Can someone help me find derivative/tangent line?

Answer 1

I found the derivative of \[\sqrt{x}\] to be \[\frac{ 1 }{ 2x ^{1/2} }\]

Then, when asked to find the tangent line at (9,3), I got the equation: y=1/6x+3/2. I was then asked to find all values of x such that the slope is 1/4.
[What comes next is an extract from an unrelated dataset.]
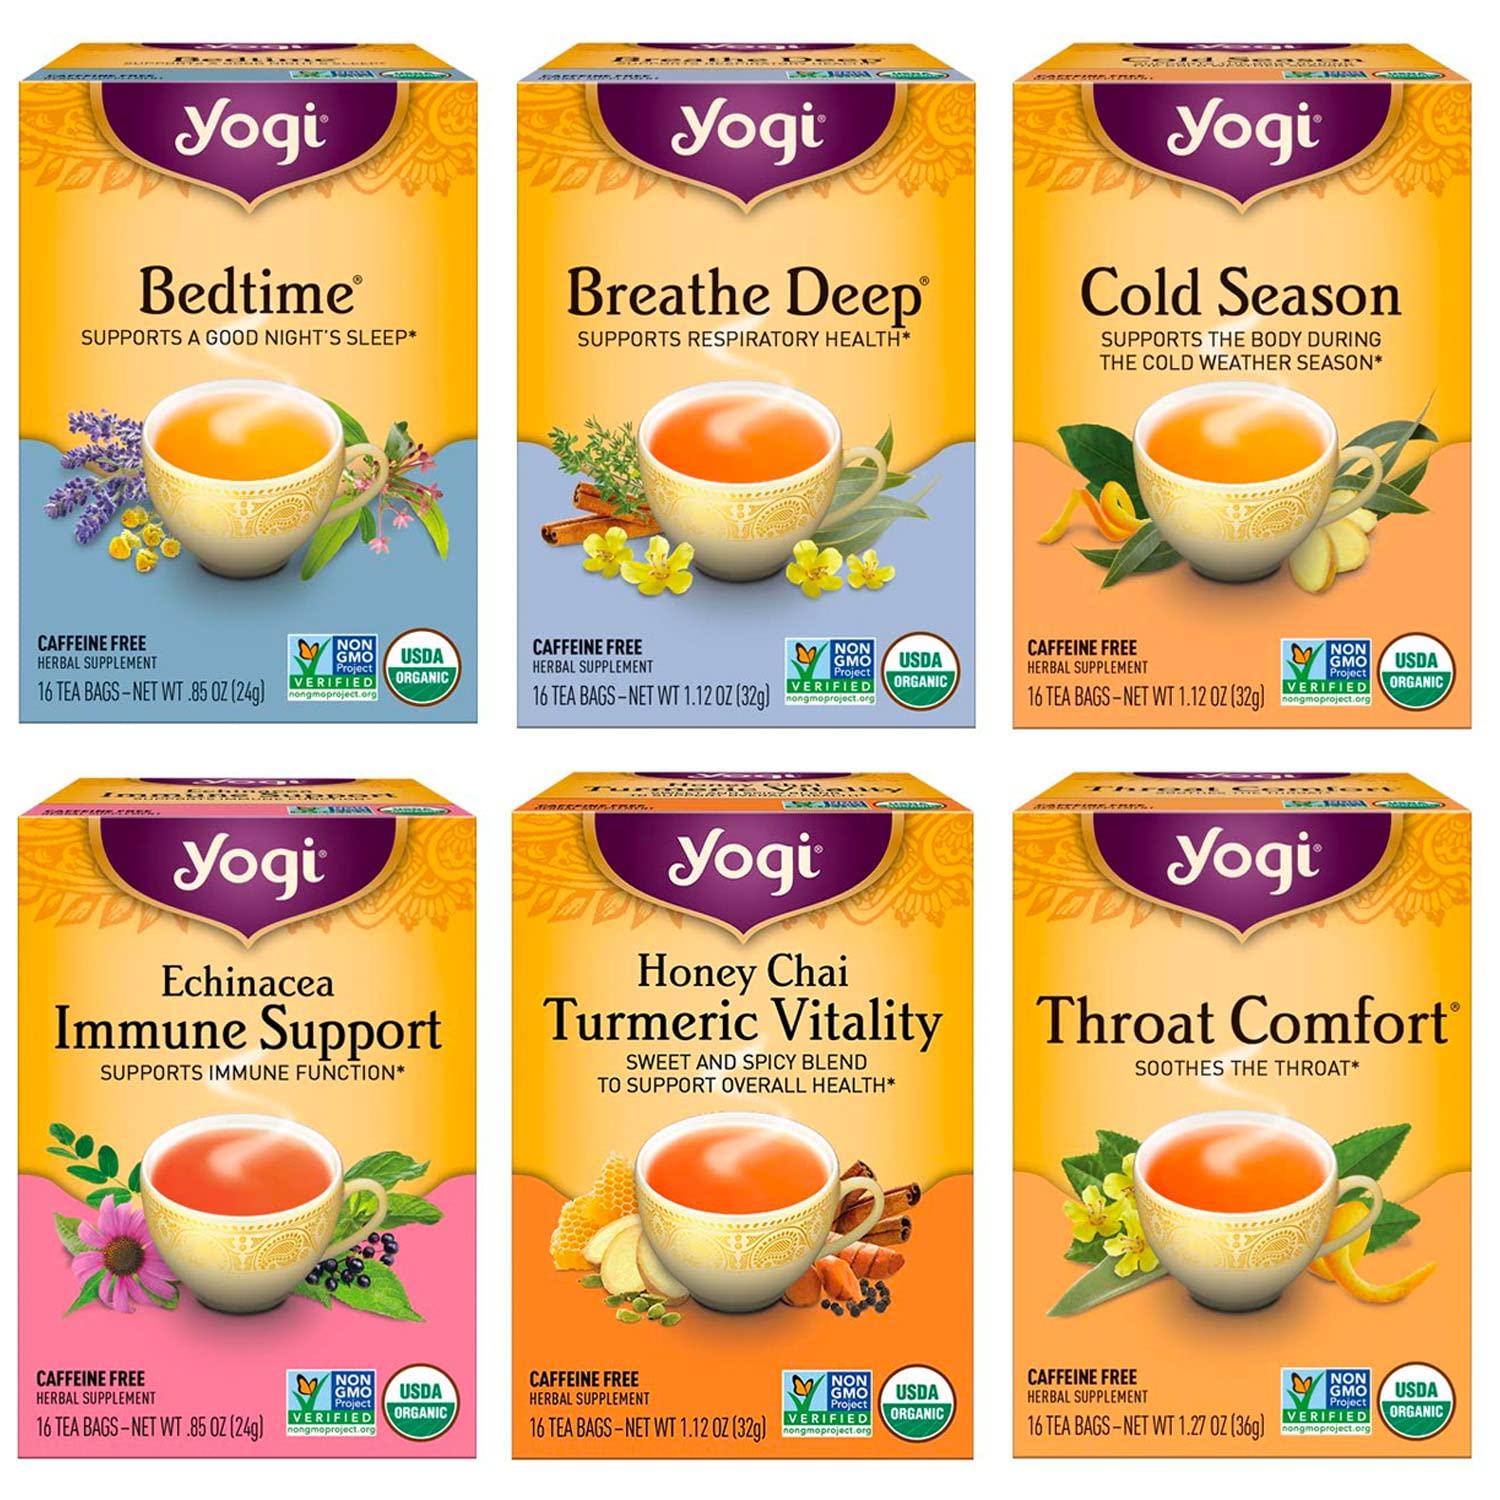 Yogi Tea Get Well Variety Pack - 16 Tea Bags per Pack (6 Packs) - Tea Variety Pack for Support During the Cold Season - Includes Cold Season, Bedtime, Breathe Deep, Echinacea Immune Support & More
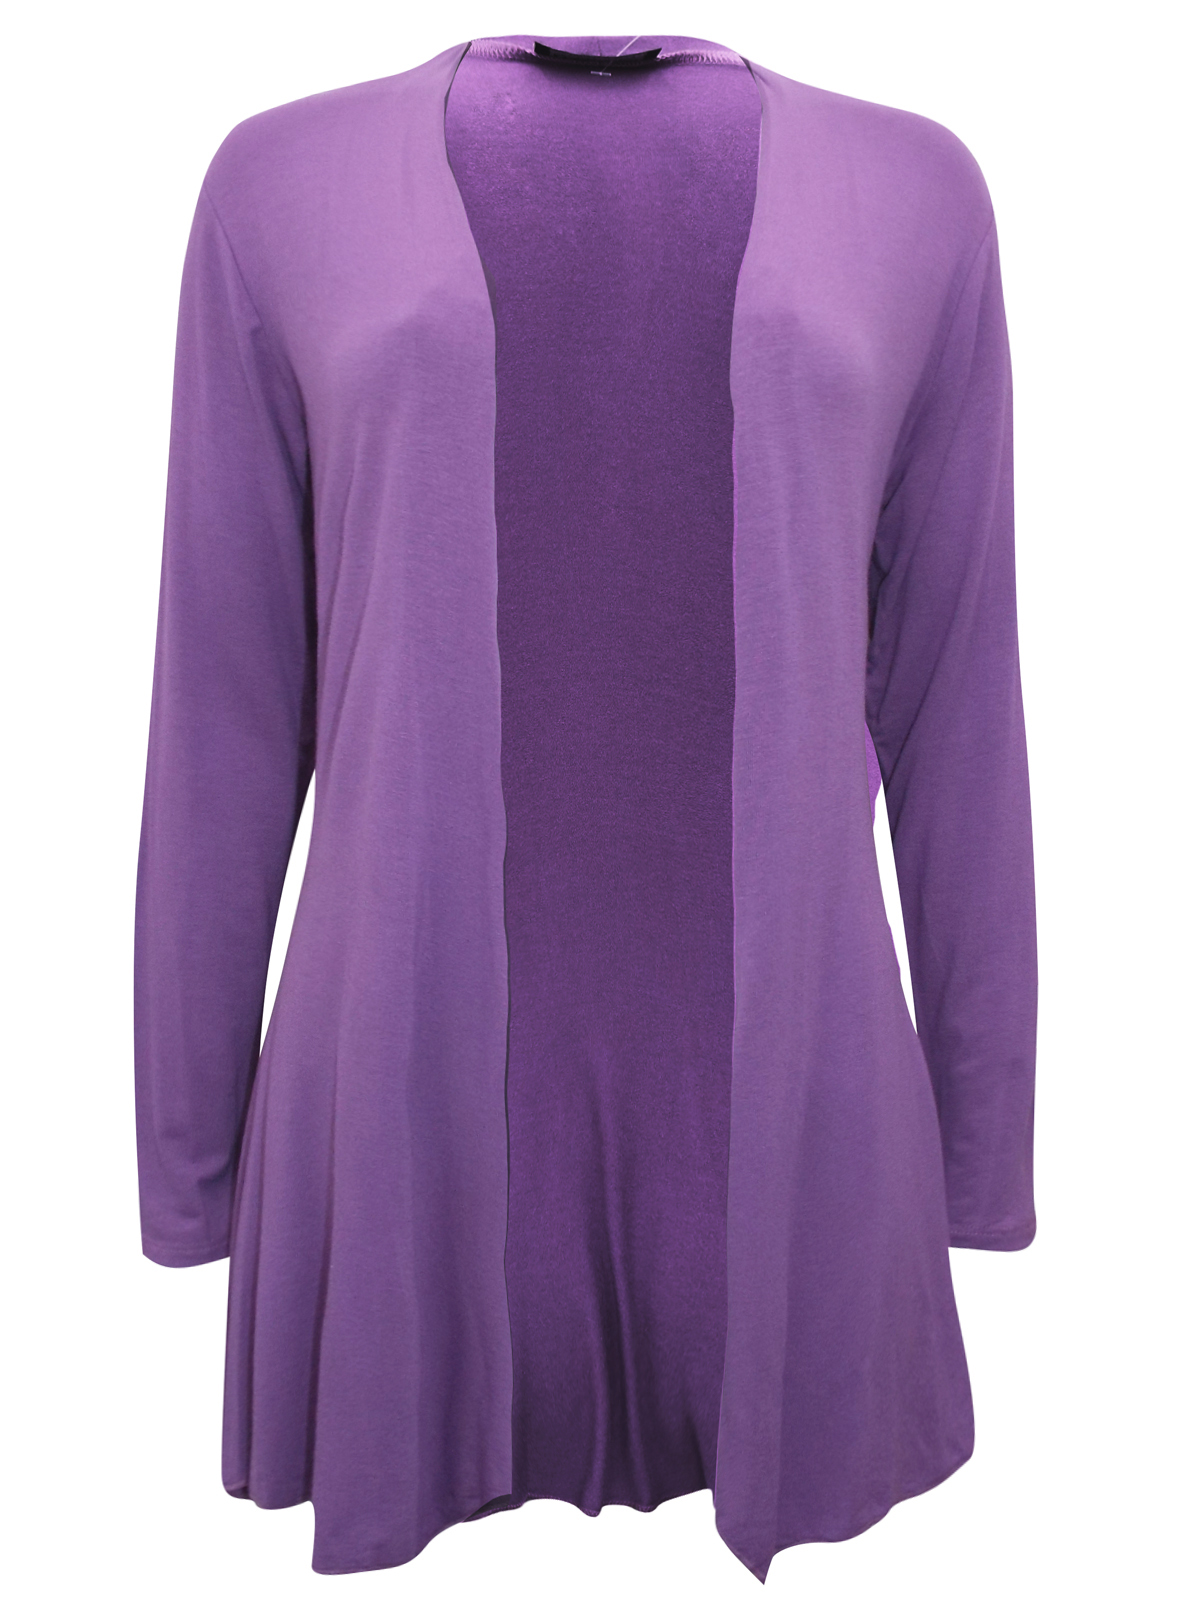 //text.. - - PURPLE Open Front Long Sleeve Jersey Cardigan - Size Small ...

Am I doing the derivative/tangent line right? and if so, how would I compute all values of x such that the slope is 1/4?

Answer 2

http://www.dummies.com/how-to/content/how-to-find-the-derivative-of-a-line.html

Answer 3

check that out. it even helped me

Answer 4

Thanks, will check it out!

Answer 5

np :)

Answer 6

I calculated the value 4 as a x-value with a slope of 1/4... would that work?

Answer 7

yes. you want m= 1/4. you found
\[ \text{slope } m = \frac{1}{2 \sqrt{x}} \\
\frac{1}{2 \sqrt{x}}= \frac{1}{4} \\
2 \sqrt{x}= 4\\
\sqrt{x}= 2\\
x = 2^2 = 4
\]

Answer 8

Here is a graph of y= sqr(x) and the tangent line (with slope = 0.25 = 1/4)

Answer 9

Thank you so much!